In this programming exercise, you will be working with your new Spark DataFrame skills. You are given the stock market data from Warmart from the years 2012 to 2017. Some of the questions may not be as meaningful as in the real cases, but just follow along the questoins and complete the tasks below.

## Dataset:

Dataset can be referenced from URL: https://raw.githubusercontent.com/BlueJayADAL/DS420/master/datasets/dataframe/walmart_stock.csv

## Q1: Start a Spark Session, with the application named as "stock_xxx", where "xxx" is your last name in lower cases. Then read the given data into a Spark DataFrame. 

> Prior Spark 2.0, Spark Context was the entry point of any spark application and used to access all spark features and needed a sparkConf which had all the cluster configs and parameters to create a Spark Context object. We could primarily create just RDDs using Spark Context and we had to create specific spark contexts for any other spark interactions. For SQL SQLContext, hive HiveContext, streaming Streaming Application. In a nutshell, Spark session is a combination of all these different contexts.

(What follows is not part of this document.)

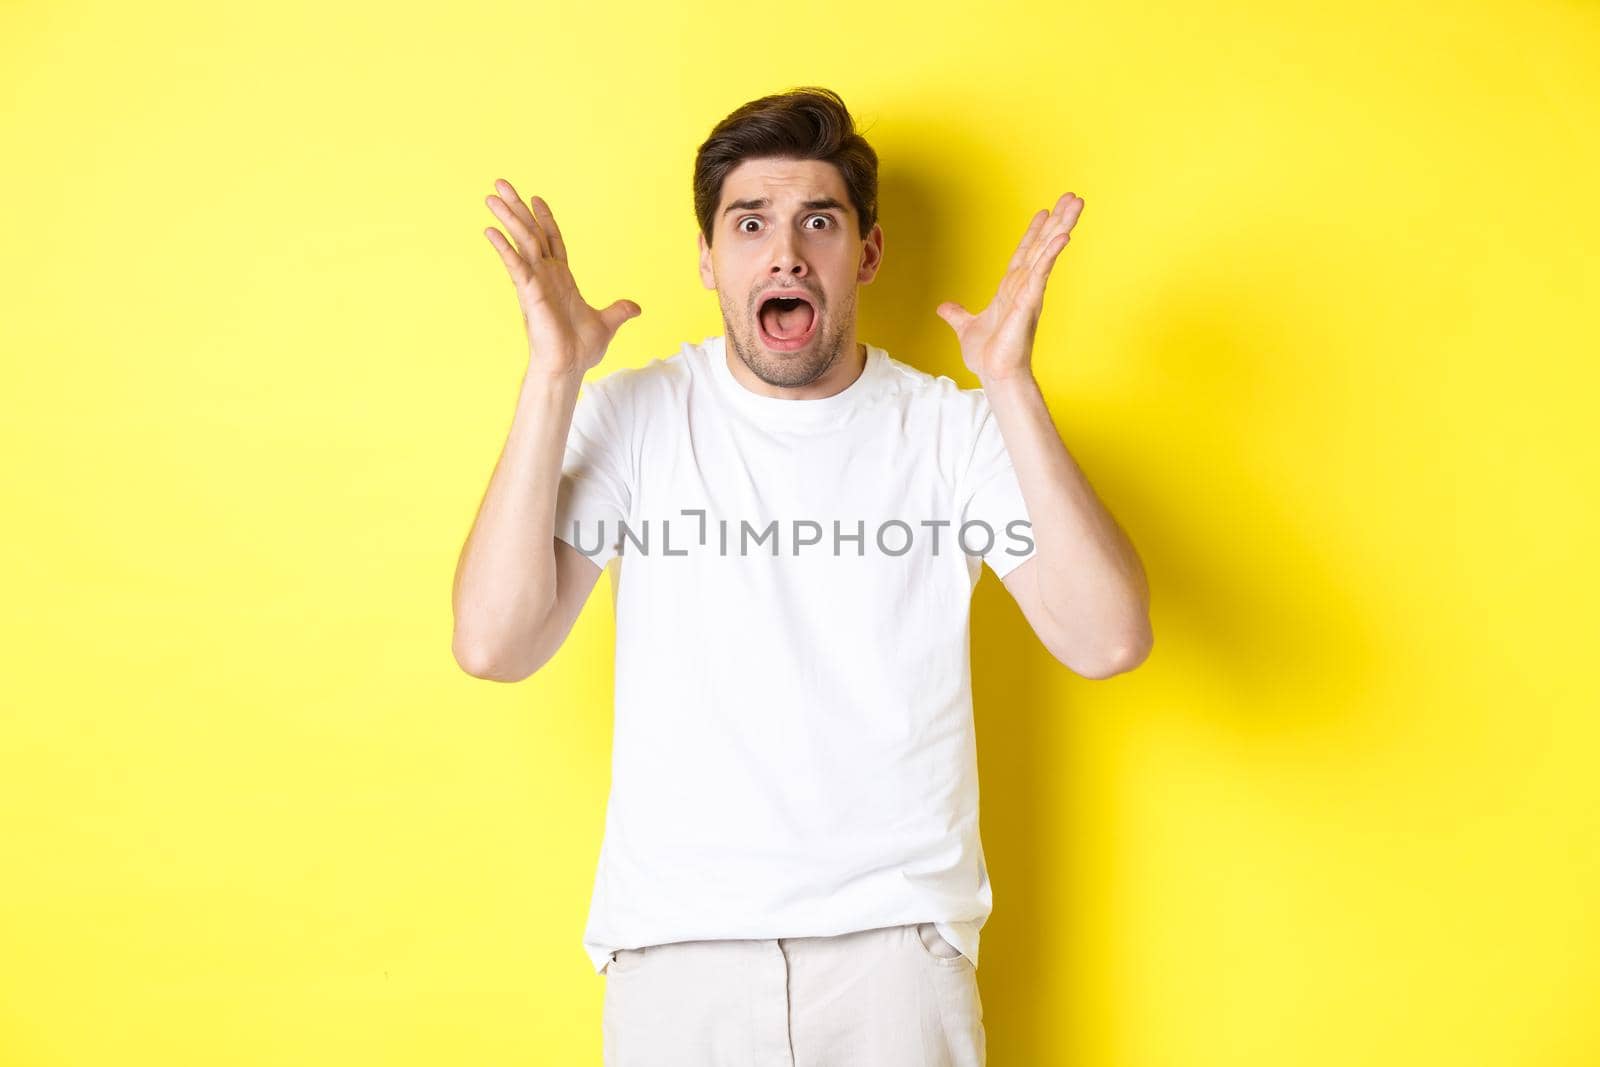 Frustrated and shocked guy panicking, screaming and looking scared, standing in white t-shirt over yellow background.

Internally, Spark session creates a new SparkContext for all the operations and also all the above-mentioned contexts can be accessed using the SparkSession object.

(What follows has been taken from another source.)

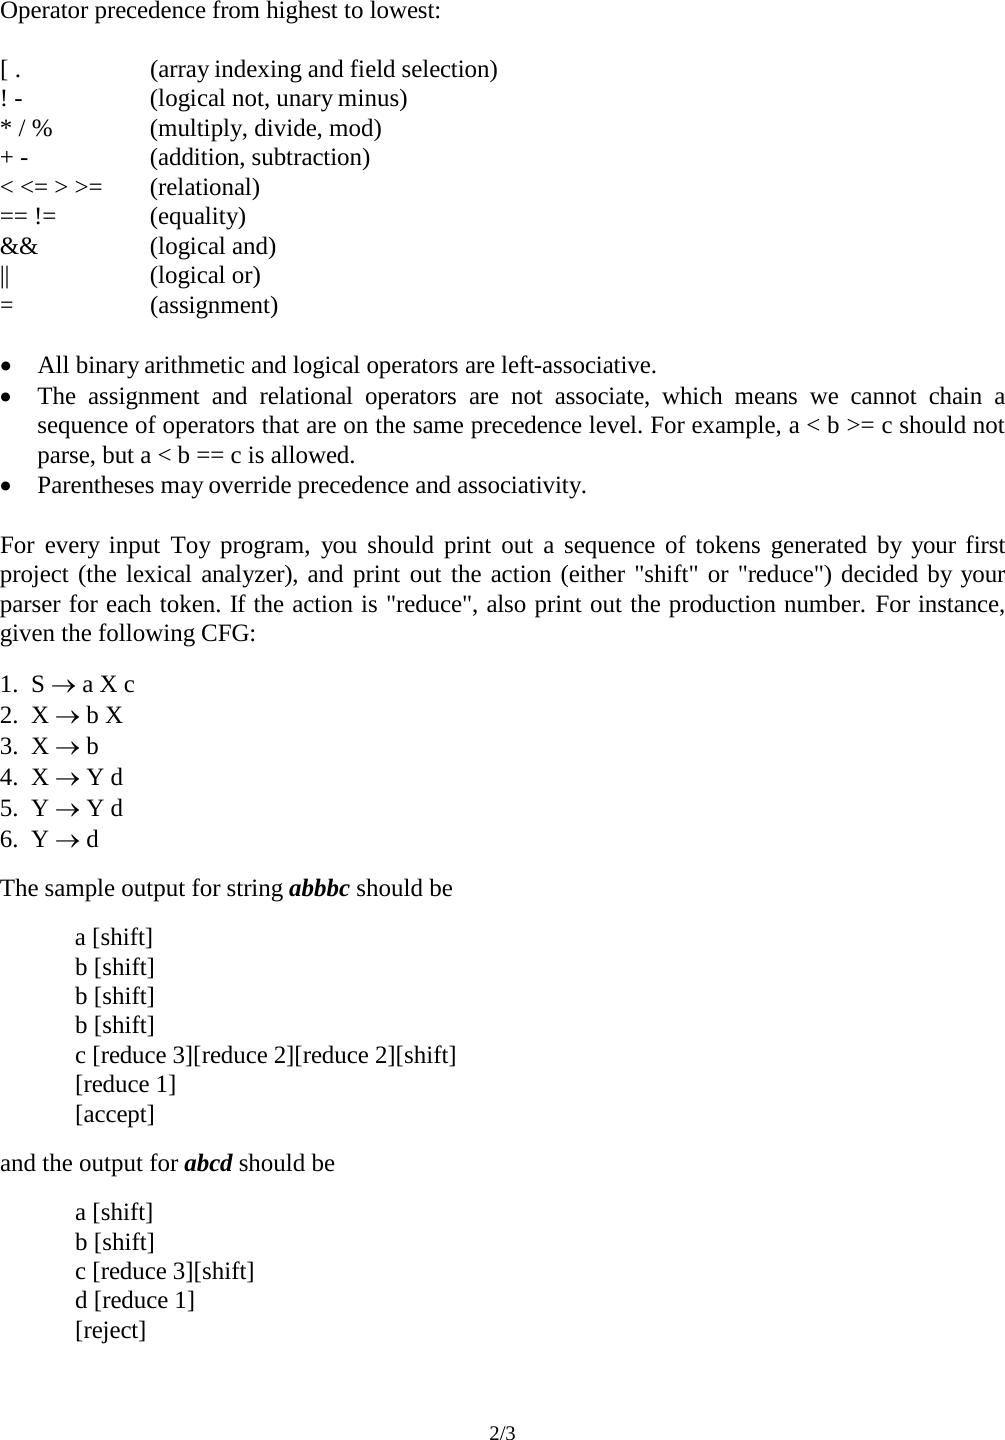 Page 2 of 3 - CS 440 Compiler Design I Instructions

#### Configure Spark path with Jupyter notebook.

In [1]:
import findspark

findspark.init('/opt/spark')


#### Create a spark session

In [2]:
from pyspark.sql import SparkSession

spark = SparkSession.builder.appName('stock_moynihan').getOrCreate()

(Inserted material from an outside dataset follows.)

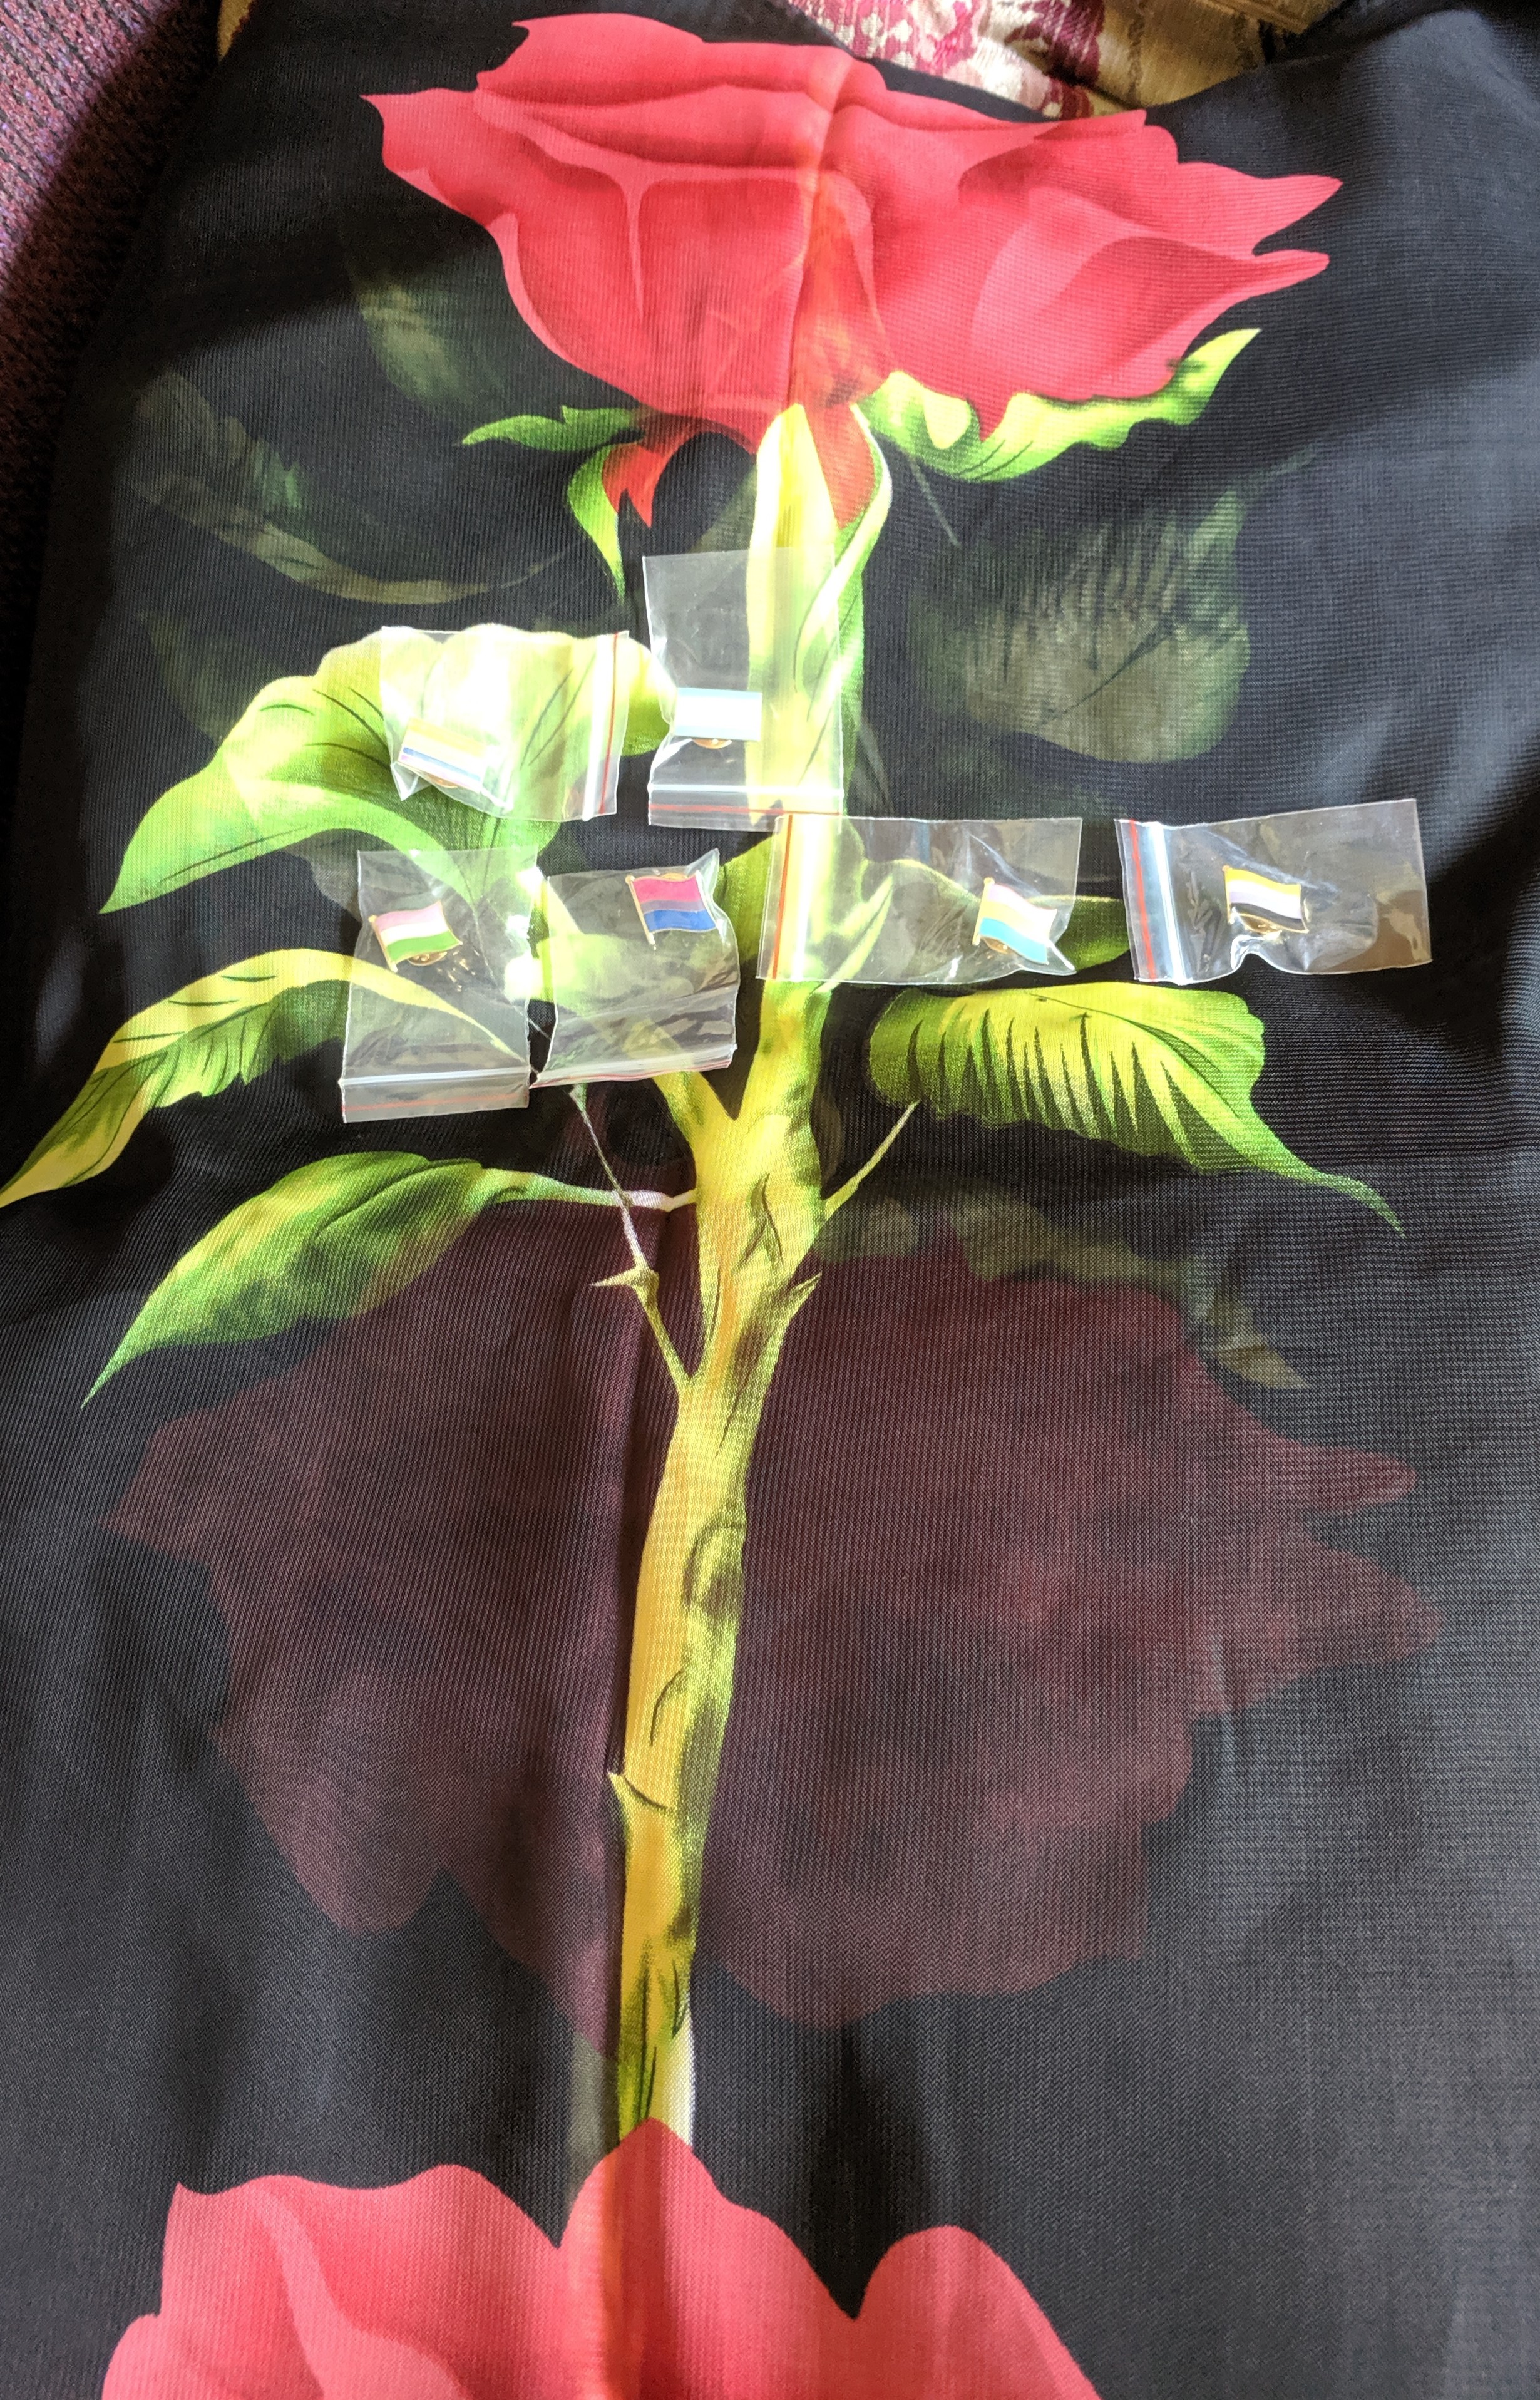 A black diaphanous scarf laid out vertically. A red rose with thorns is printed on it

#### Load the Walmart Stock CSV File, have Spark infer the data types.

In [4]:
url = 'https://raw.githubusercontent.com/BlueJayADAL/DS420/master/datasets/dataframe/walmart_stock.csv'

spark.sparkContext.addFile(url)

from pyspark import SparkFiles

fileloc = SparkFiles.get('walmart_stock.csv')

stocks = spark.read.csv('file://'+ fileloc,
                      inferSchema = True, 
                      header = True)



## Q2: Show the column names, schema and the first five rows of the DataFrame.

#### What are the column names?

In [6]:
stocks.columns

['Date', 'Open', 'High', 'Low', 'Close', 'Volume', 'Adj Close']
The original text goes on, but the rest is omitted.